Correlation rules may be particularly useful if you want to generate an alert when, for example:
A certain Okta user logs in successfully after at least one hundred unsuccessful login attempts, then logs in to AWS as a root user (see full example below)
Advanced security settings were disabled for a GitHub repository, which then was not archived (see full example below)
Learn how to create custom correlation rules below, and more about the YAML keys that make up correlation rules on Correlation Rule Reference. You can also leverage Panther-managed correlation rules.
Using correlation rules may increase your Snowflake compute costs. To learn how to make your correlation rules more cost efficient, see the guidelines in Making correlation rules more efficient, below.
How correlation rules work
Correlation rules are written in YAML and reference previously created rules, scheduled rules, and/or correlation rules. Each correlation rule runs on a schedule, and defines a "lookback window," i.e., the amount of time in the past the rule should look to find signals (or absences of signals).
You can apply additional criteria to your correlation rule, such as:
Requiring a minimum number of signals to be found for a certain rule, or a maximum
Requiring certain event values to match from one rule to another (e.g., requiring signals for all individual rules to contain the same IP address)
Requiring subsequent steps in a sequence to have occurred within a certain amount of time
What happens when there is a match on a correlation rule
Matches on correlation rules generate signals. When a correlation rule has alerting enabled, rule matches are generated, which can create alerts according to the correlation rule's deduplication configuration. Learn more about the difference between signals, rule matches, and alerts here.
When an alert is generated for a correlation rule, the individual rules, scheduled rules, and correlation rules referenced in the correlation rule may or may not also generate their own alerts. This depends on:
Whether each individual rule, scheduled rule, and correlation rule has alerting enabled
The
Threshold
value on individual rules or scheduled rules, and theMinMatchCount
value on the correlation rule. An edge case in which the correlation rule could generate an alert but not the rules that make it up is if the event threshold for an individual rule (set with theThreshold
key) is higher than theMinMatchCount
on the correlation rule, and the number of actual rule matches is somewhere in the middle.
Group vs. sequence
There are two types of correlation rules: groups and sequences. Both group and sequence correlation rules define a collection of rules for which signals must be found (or not found, by defining Absence: true
).
Group correlation rules will generate an alert if all rules have produced signals (or absences), no matter the order in which signals were found. Sequence rules, however, define a particular order in which signals (or absences) must be found in order to generate an alert.

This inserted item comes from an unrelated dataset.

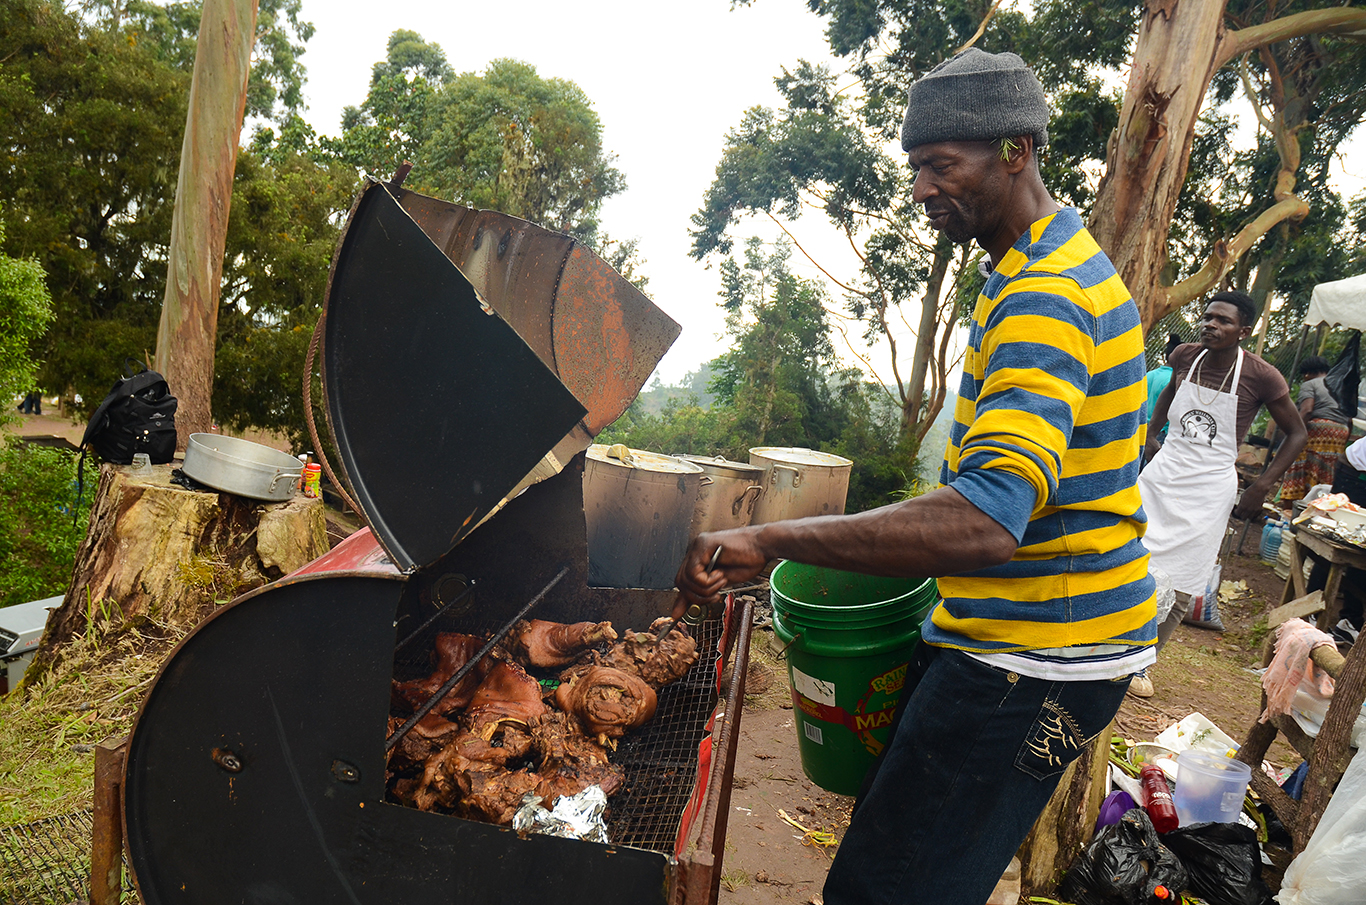 Everton Grant preparing his signature Jerk Pork at the Blue and John Crow Mountains National Park 25th Anniversary Event - Spympony in the Mountains held at Holywell on Sunday, 25th February, 2018. [Photographer: Shorn Hector

Setting the schedule and lookback window
Each correlation rule defines both of the following:
A schedule: Defined by the
Schedule
field (which uses eitherRateMinutes
orCronExpression
), the schedule indicates how frequently the correlation rule should run.A lookback window: Defined by the
LookbackWindowMinutes
field, the lookback window specifies the number of minutes in the past the correlation rule should look to find signals (or absences of signals) for the rules, scheduled rules, or correlation rules included in its group or sequence.

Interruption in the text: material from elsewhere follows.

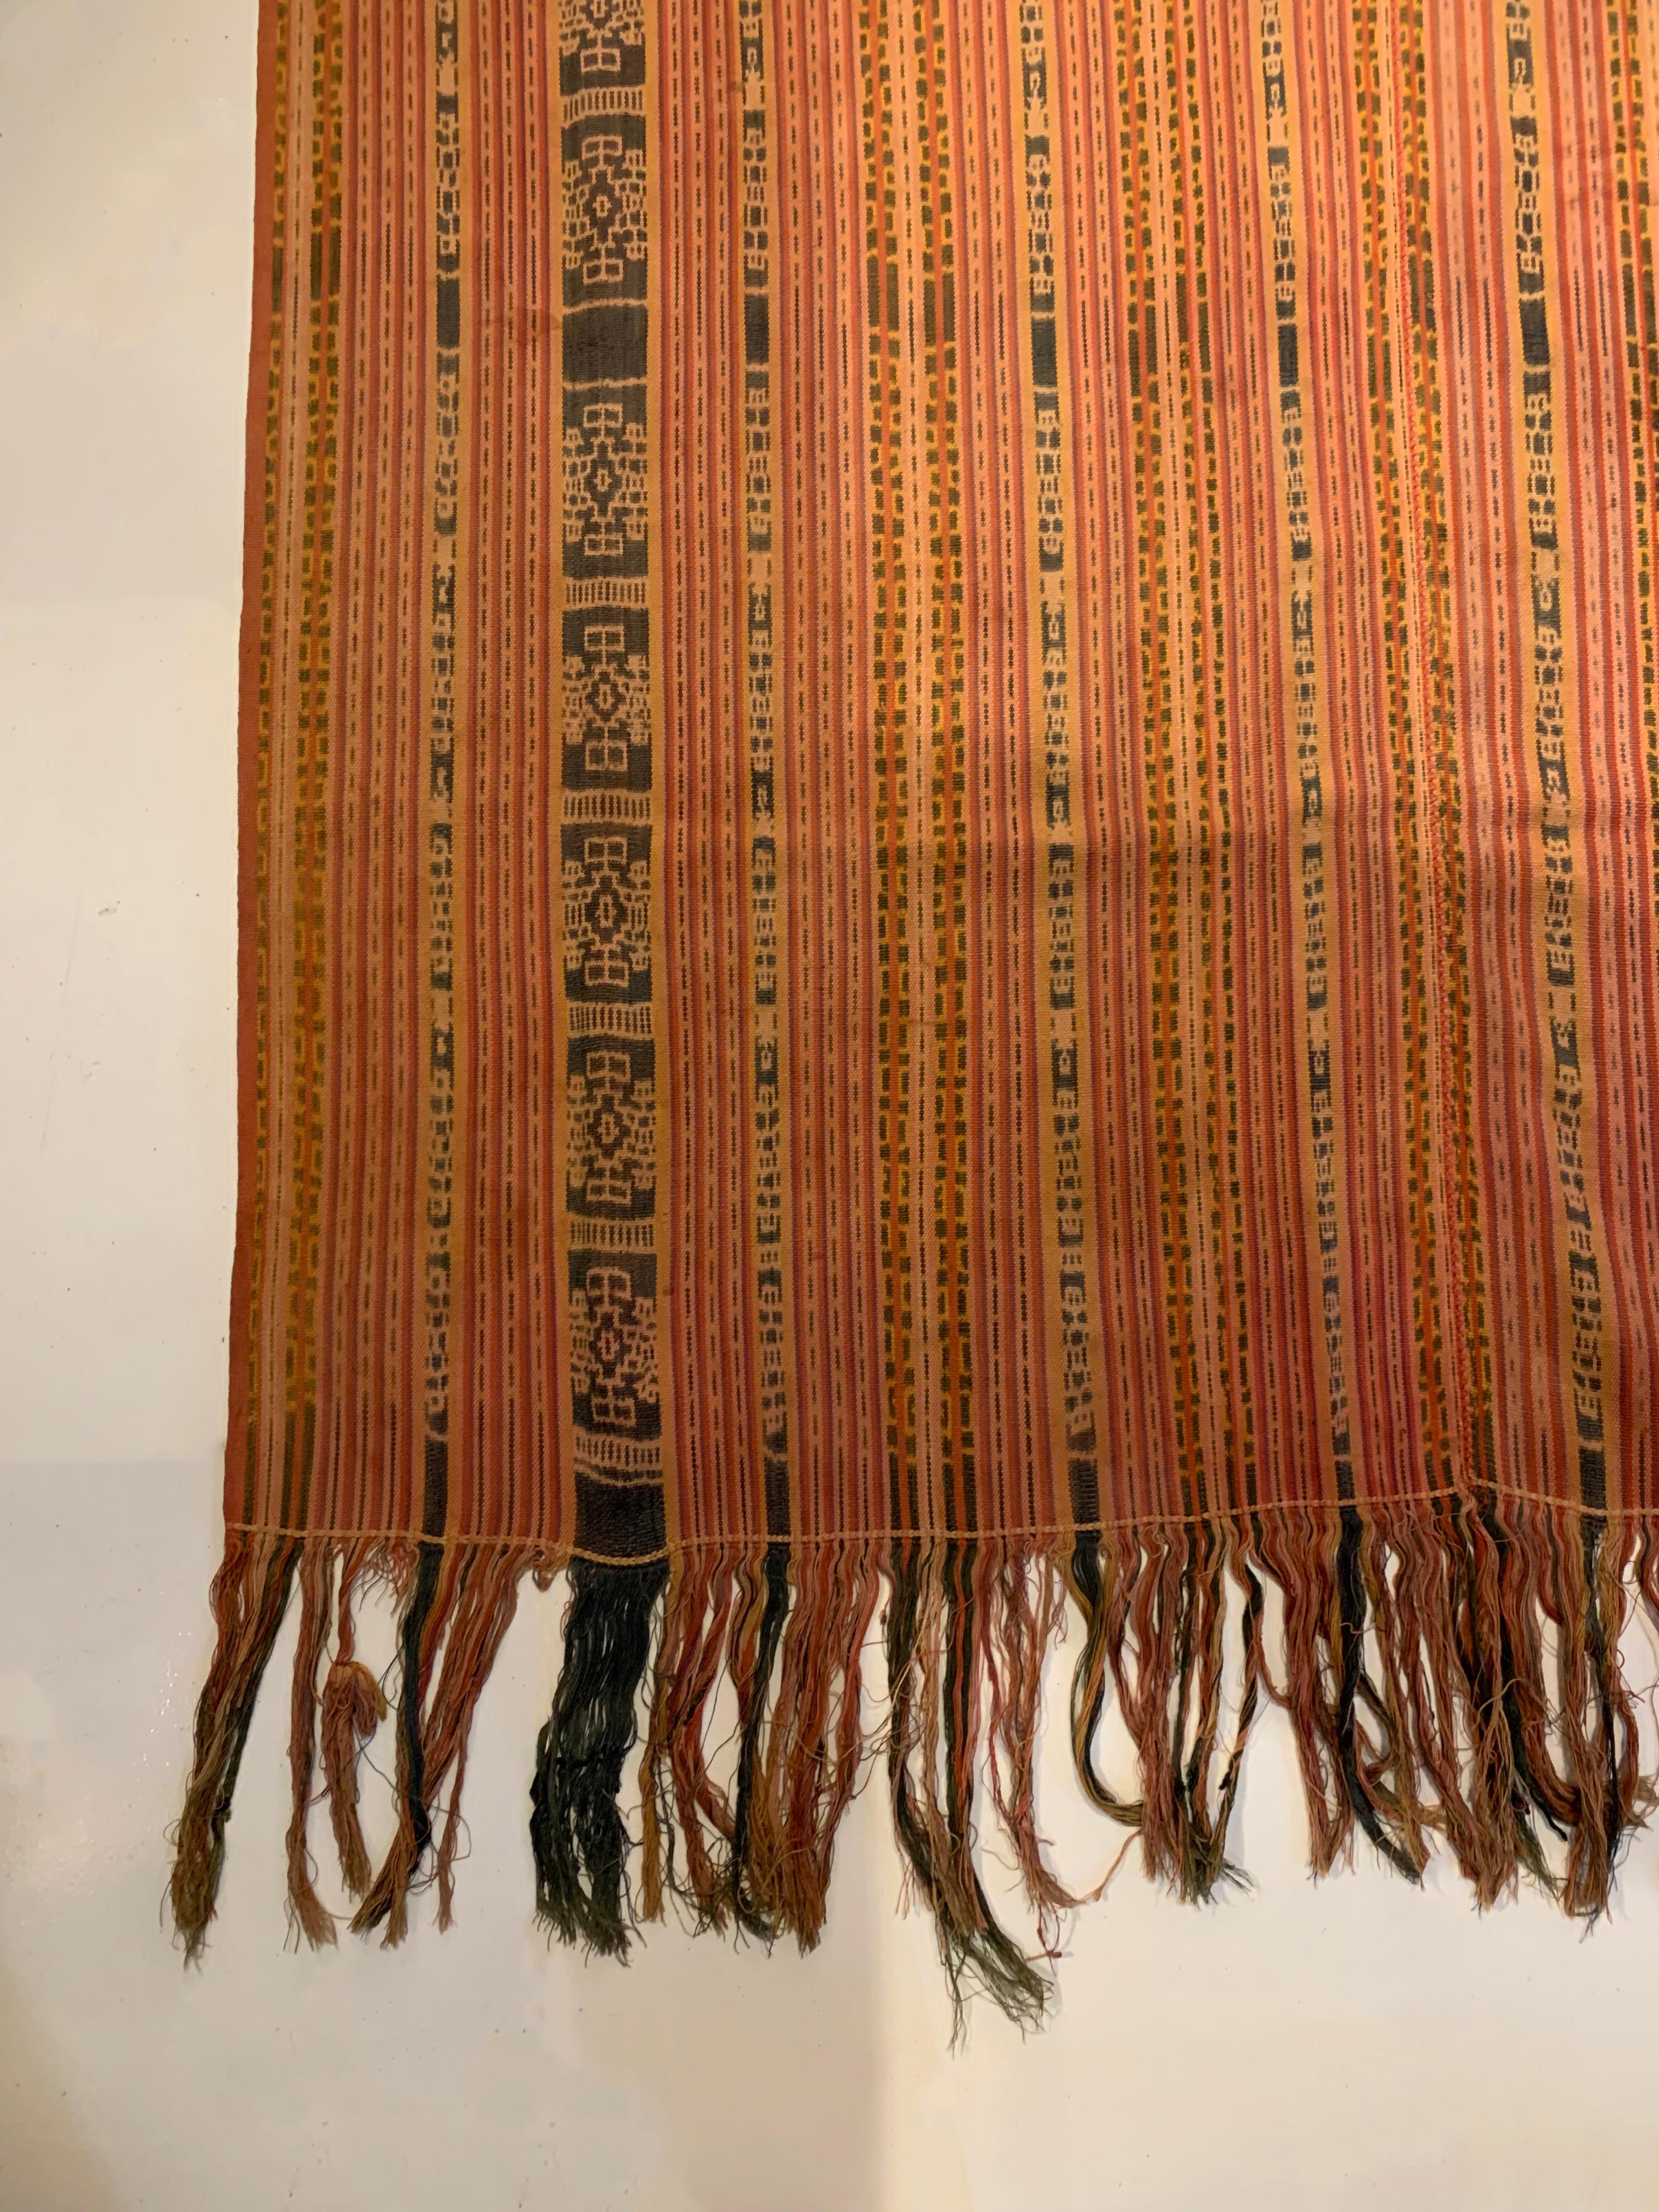 Other Rare Ikat Textile from Timor Stunning Tribal Motifs & Colors, Indonesia c. 1900 For Sale

It's important to understand how the configurations for these fields work together. See Setting Schedule
and Setting LookbackWindowMinutes
, below.
Setting Schedule
Schedule
When determining how to configure Schedule
, it's common to evaluate how important it is to be alerted in a timely manner for matches for this correlation rule. For example, it might suffice to run lower priority correlation rules only every 24 hours; alternatively, you might want to run higher priority correlation rules every 15 minutes.
When setting the Schedule
, it's also advised to consider the associated Snowflake compute cost, as more frequent runs will generate more expense. See Making correlation rules more efficient for more cost guidelines.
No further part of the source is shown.